In the second case, the clean bill of lading will be updated with the letter of guarantee. When the package of the goods delivered by the shipper is defective, such as rags and rust spots, the ship will add bad comments on the bill of lading, that is, unclean comments. Note that this only refers to the packaging of the goods, not the goods themselves, because there is no requirement to inspect the goods during transportation on board.

An unclean comment is a discrepancy, and the attached bank will refuse to pay. Therefore, in order to eliminate discrepancies and settle foreign exchange smoothly, exporters will require the ship to issue clean notes different from the actual situation, but at the same time, they must also issue a letter of guarantee to ensure that if the ship suffers losses due to this letter of guarantee, it can compensate the ship for the losses. In this way, after paying for the goods, importers can only apply for compensation if they find that the items are not in conformity, and will suffer huge economic losses if they encounter malicious fraud.

(2) The risk of transportation delay. Under the letter of credit, the seller has strict time limit for shipment, and the seller cannot ship the goods later than this time. This rule is because in international trade, the purpose of the transaction is very complicated, some buyers buy and sell in reverse, some supply for other enterprises, some purchase for other enterprises, and so on. If the goods are delayed, it will affect the next transaction. Moreover, in international business, the price of goods changes greatly, and if the buyer can't pick up the goods on time, he may suffer huge losses caused by price fluctuations. Therefore, under the letter of credit, if the shipment is later than the specified time, banks often refuse to attach the letter of credit.

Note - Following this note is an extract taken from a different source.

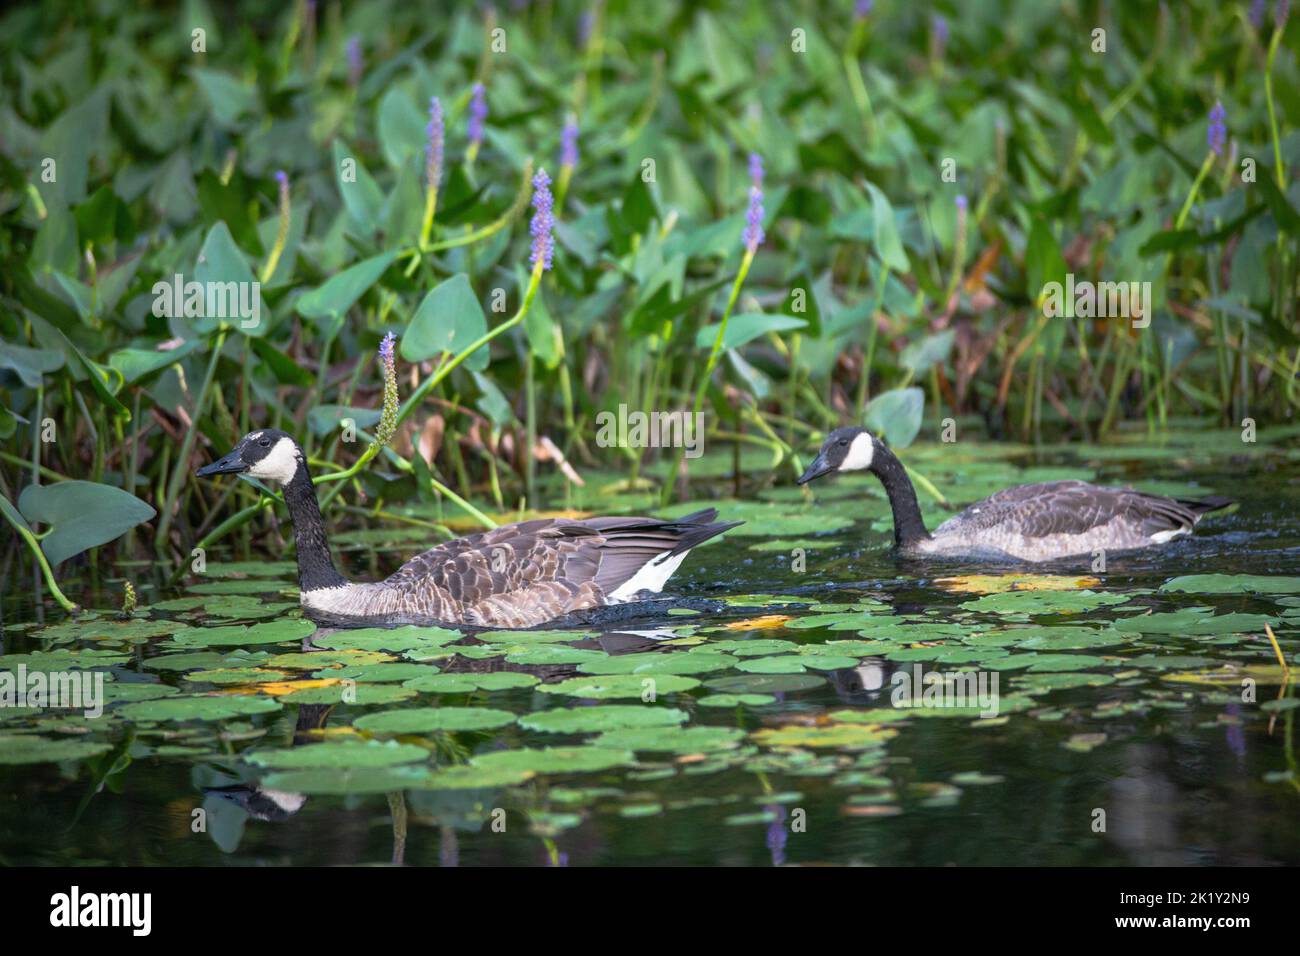 A pair of Canada geese, Branta canadensis captured swimming on a lake covered by lotus leaves Stock Photo

In order to settle foreign exchange smoothly, the seller will ask the ship to countersign the bill of lading so that the date of the bill of lading is earlier than the latest shipment date stipulated in the letter of credit. This is a way for the seller to transfer the risk to the buyer. If it is not found in time, it may cause the buyer to suffer losses. The way to put an end to this risk is that when the buyer finds that the goods are late, he should check the log book in time and investigate the exact shipment date of the goods. If it is really a reverse bill of lading, the responsibilities of the seller and the ship should be investigated in time.

(3) maritime transport risks beyond the carrier's responsibility. Mainly refers to the transshipment bill of lading risk and manifest bill of lading risk. When there is no direct connection between the port of shipment and the port of destination, and the goods need to be transshipped, as far as ordinary ocean bills of lading are concerned, the issuer of the first and second voyage bills of lading only bears the transportation responsibility within its own transportation scope, and the importer actually bears the transshipment risk. At this time, it is necessary to actively insure and reduce risks.

Without the protection in the cabin on deck, the possibility of all kinds of damage is much greater. At this time, containers and other loading tools can be used for transportation to reduce the possibility of loss.

Three. Prevention of bill of lading risk under letter of credit

(1) Choose a trading partner with good reputation. In international trade, we should first fully understand the credit status of customers. If you can't make a deal with acquaintances casually, it is often easy to have an accident. The so-called good credit status includes two aspects: first, good assets, considerable assets, good operating conditions and ability to perform contracts; Second, it can perform the contract in good faith and will not tear it up at will.

(two) choose a reliable shipping company to carry goods. If you choose a reliable shipping company, the ship will be more cautious in issuing letters of guarantee and loading, and strive to find problems early and solve them in time. Supporters should also be cautious about the issuance and acceptance of the letter of guarantee, so that it is easy to solve the losses under the letter of guarantee through consultation. Letter of guarantee has the nature of supporting both parties to defraud the third party consignee in partnership, so great attention should be paid to choosing a reliable carrier to carry the goods.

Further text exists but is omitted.